Выбрать главу

Отец был подавлен куняевским стихотворением и сразу же написал открытое письмо протеста, но «Комсомольская правда» его, разумеется, не опубликовала. Скандальное исключение из Союза писателей и шельмование в центральной печати были прямым остракизмом. Издание трех книг отца – долгожданного сборника стихов «Зимний корабль», автобиографического романа для юношества «Охота на рыжего дьявола» и книги переводов литовской поэзии – было тут же остановлено. Роман находился уже на стадии корректуры, и издательство варварски рассыпало типографский набор и уничтожило книгу. Помню, как я рассматривал корректуру и любовался иллюстрациями in folio, разложенными на отцовском столе. Актами санкционированного вандализма режим наказывал отца за попытку эмигрировать. Но это был двойной государственный садизм, поскольку наказанием стал не только остракизм, но и сам отказ. Запрет на издание «Зимнего корабля» оказался тяжелейшим литературным испытанием. Даже в урезанном виде, с купюрами, к которым принудили автора (в частности, отца заставили исключить из книги стихотворение «Моя славянская душа в еврейской упаковке…»), книга стала бы литературным событием, выйди она в 1980-м году.

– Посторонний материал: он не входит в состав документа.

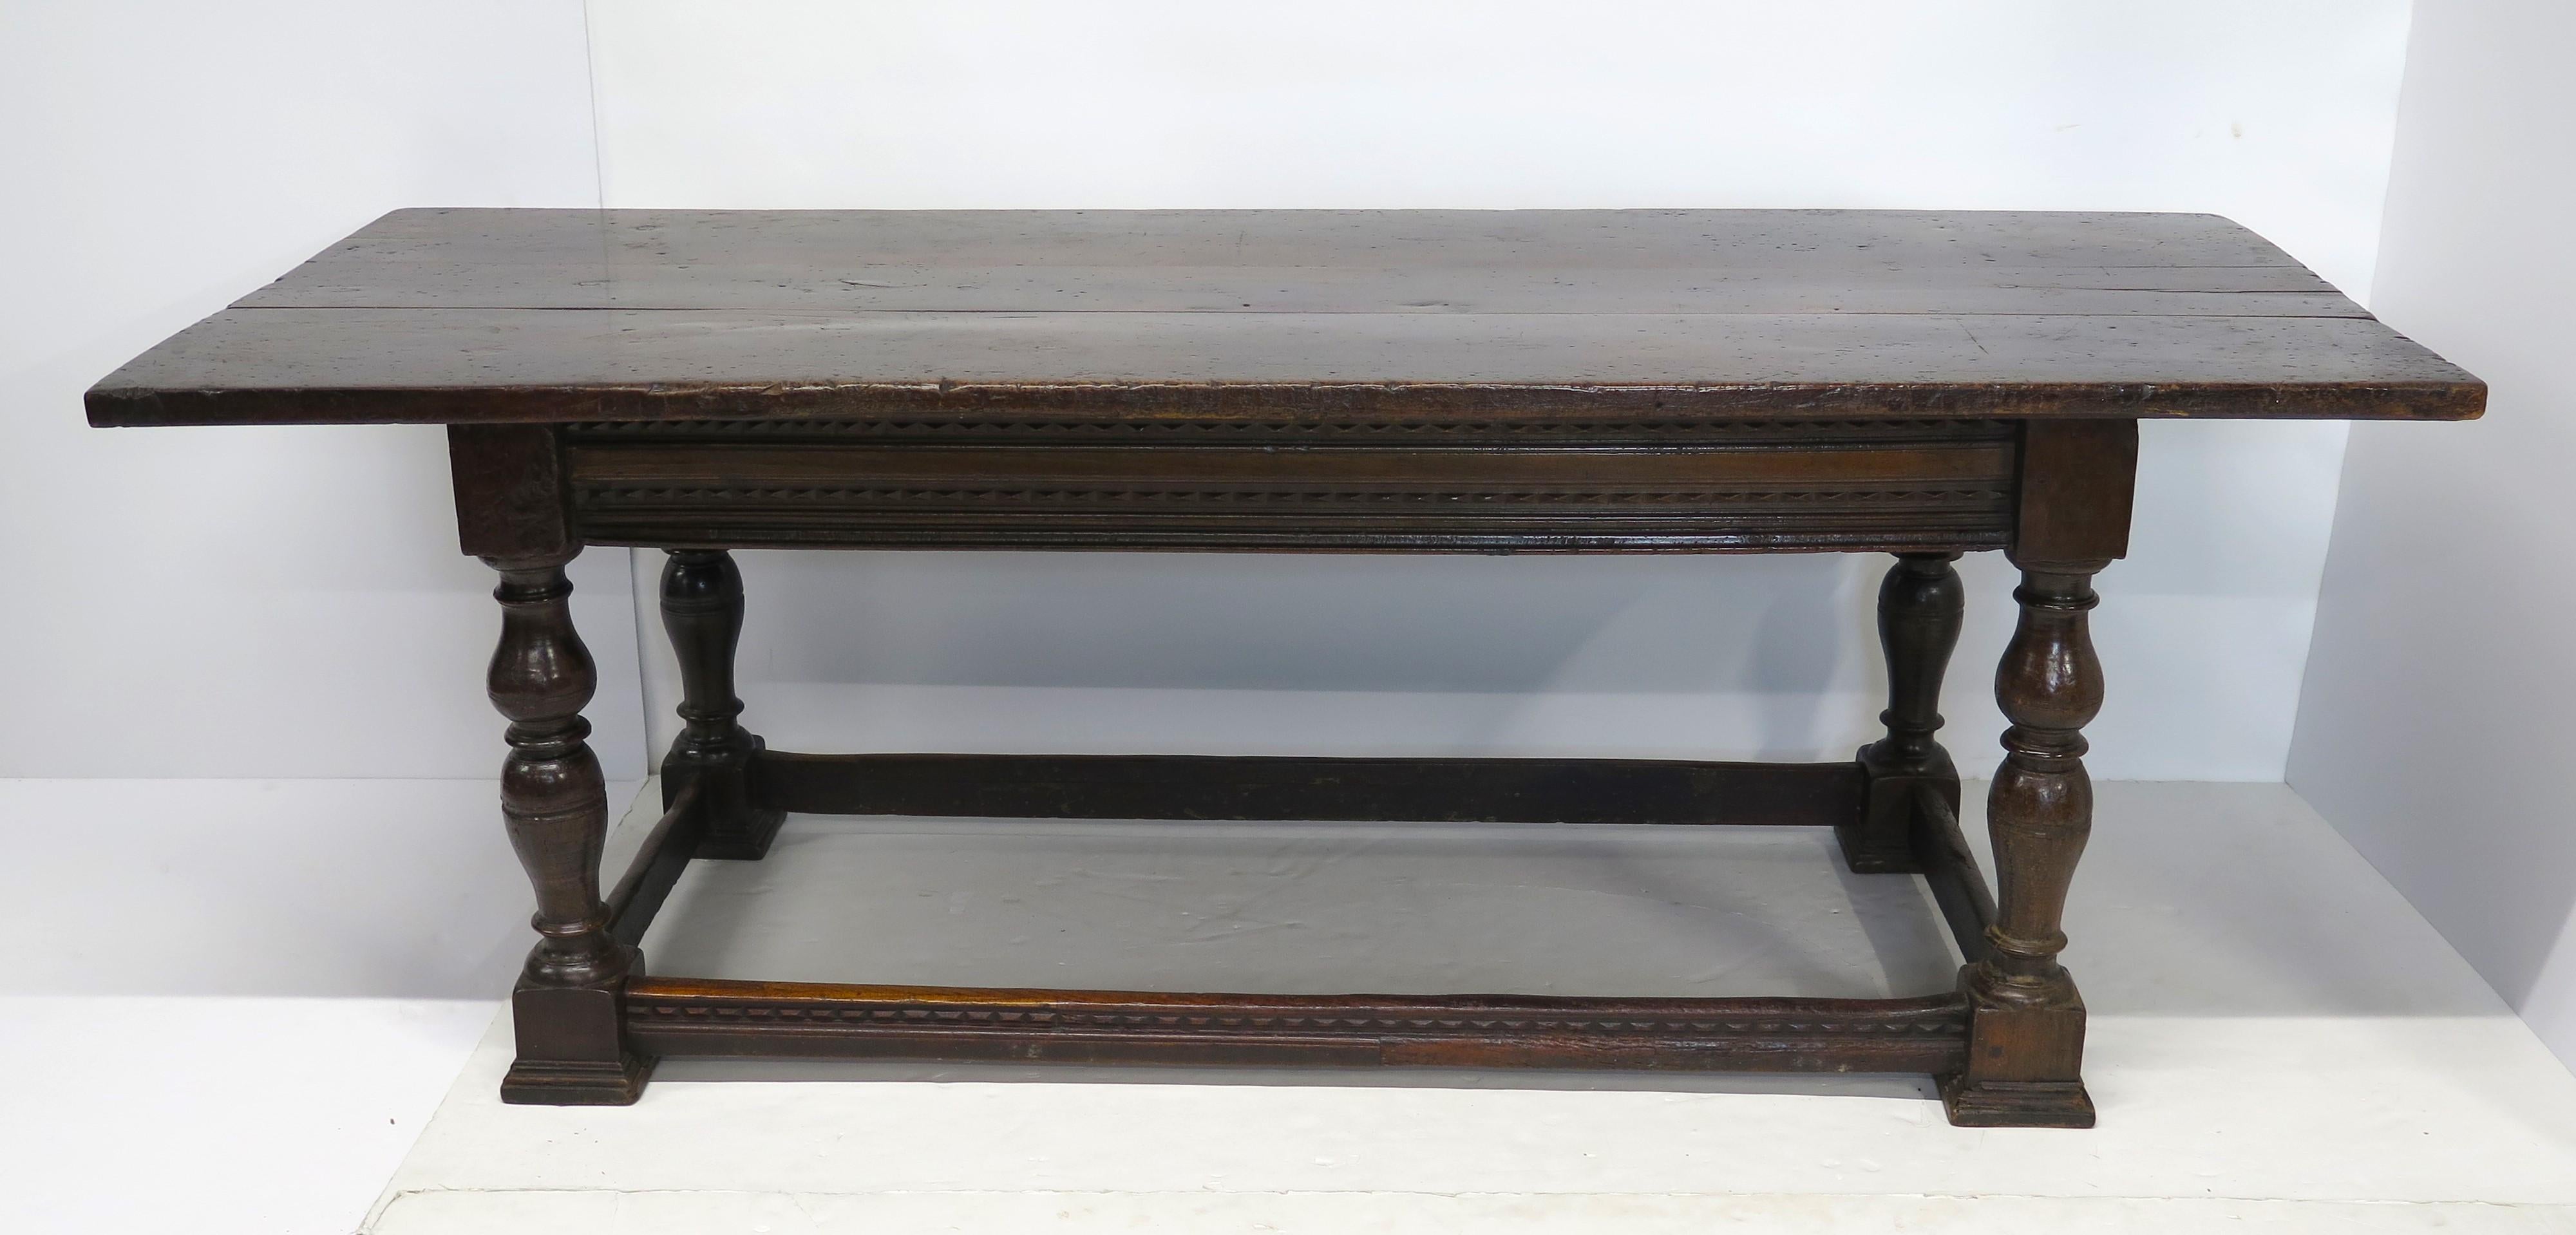 a heavy oak refectory table with stretcher base, it has a triple plank top, turned baluster legs support the apron of the table, these sorts of tables were used as communal dining tables, together with benches or stools, as seating in schools or

Отец оплакивал свои книги. Теперь, когда он попал в черный список, литераторские заработки иссякли. Закончились заказы на переводы, прекратились выступления. К лету 1980-го года родители потратили все сбережения до копейки и столкнулись с настоящими финансовыми трудностями, – впервые с начала 1960-х, когда отец еще учился в аспирантуре, а мама была студенткой-филологиней. Мы быстро распродали фамильные ценности, прадедушкины золотые часы и кое-что из маминых ювелирных украшений, а также драгоценные букинистические издания и те немногие предметы антиквариата, которые водились в доме. Почему-то помню миловидную даму, собирательницу резной мебели, которая пришла покупать наш «славянский шкаф» и оказалась двоюродной сестрой моей одноклассницы Лены Щ. Пришлось придумать легенду, будто мы модернизируем квартиру в скандинавском стиле, но мне показалось, что покупательница шкафа все поняла.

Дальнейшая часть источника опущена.